The trek took about three to four hours. And while it was difficult, it was quite captivating. We came across birds of rare species, water bucks, Columbus monkeys, baboons, springs and a bamboo forest. Met station is at 10,000 feet (3,048m) high!

DAY 2

Day two saw our group and the porters head to Picnic Rocks (approximately 12,000 feet above sea level) — very cold, tough moorland terrain (with mud, many streams, bushy thicket, flowers and rocks).
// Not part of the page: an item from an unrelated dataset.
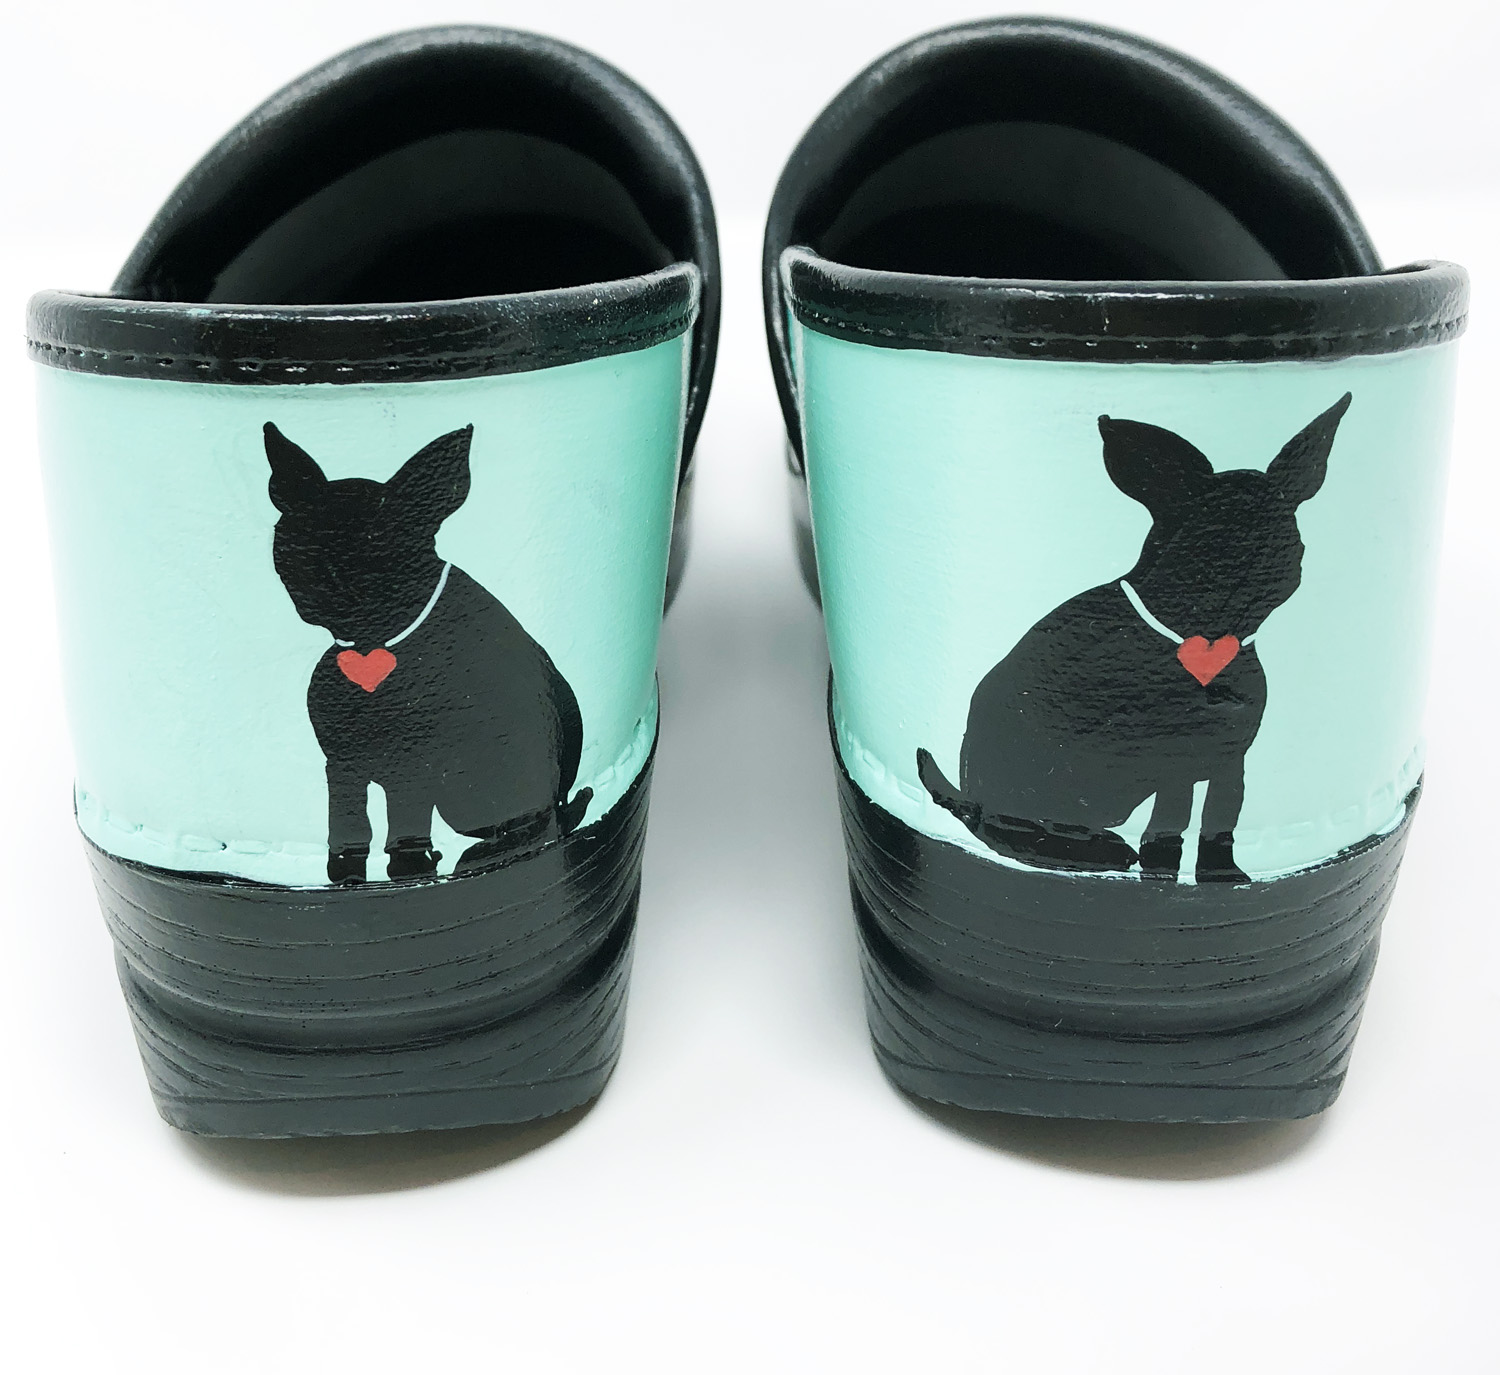 *CUSTOMIZABLE!*　Dansko　Clog　time.　Stand　Day　Dog　out.　Footwear　Hourglass　Afternoon　—　Professional　It's
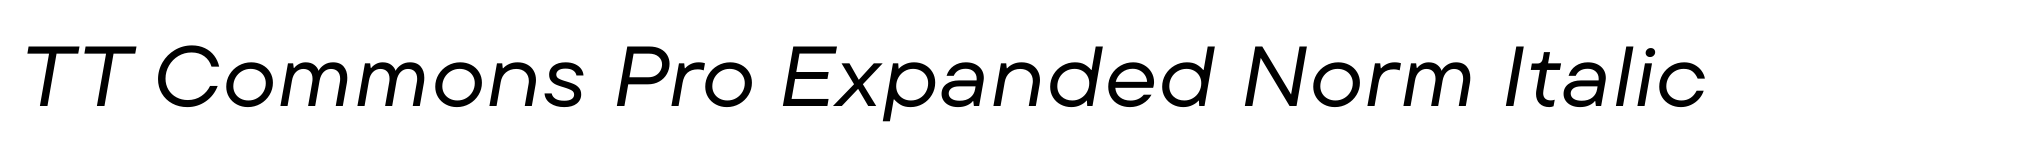 TT Commons Pro Expanded Norm Italic image

The view of the mountain peak is beautiful from the Picnic Rocks site where we had a light lunch.

Unfortunately, one of the team members suffered altitude sickness and as a result, emerging onto the alpine heath and following the Teleki Valley to MacKinder’s Camp (4,200 metres) — the 1,200m ascent took over 12 hours. We finally made it to camp at around 9.30pm to the disappointment of the resident leopard, who was on a night duty prowl. 

Day 3

Call time was at midnight, and after a light breakfast, we began the predawn summit attempt.We trekked for about  three to four hours, breathing hard,  across bare rock and scree slopes characteristic of the alpine region before reaching Austrian Hut/Top Hut (4,790 metres (15,715ft ).  Austrian Hut is the highest hut on Mount Kenya, with the exception of Howell Hut on Nelion peak.

It is a good base to mount an attack on Lenana peak, or for exploring the surrounding area. Other peaks that can be ascended with Austrian Hut as a base camp include Point Thompson, Point Melhuish and Point John. It is also the starting point for the Normal Route up Nelion, as well as other routes up to the summits. This hut is located just to the East of point Lenana.

Already, I felt unwell. So while the rest of the team proceeded to Point Lenana to catch the sunrise at 6:30am, a guide and I had begun our descent to Mackinder’s Camp after I was unable to proceed with the hike due to exhaustion and fever. 

While I certainly haven’t seen every mountain in the world, I have seen quite a few. Mt Kenya is hands down the most spectacular I’ve ever come across. Why not try it for yourself during the next dry season?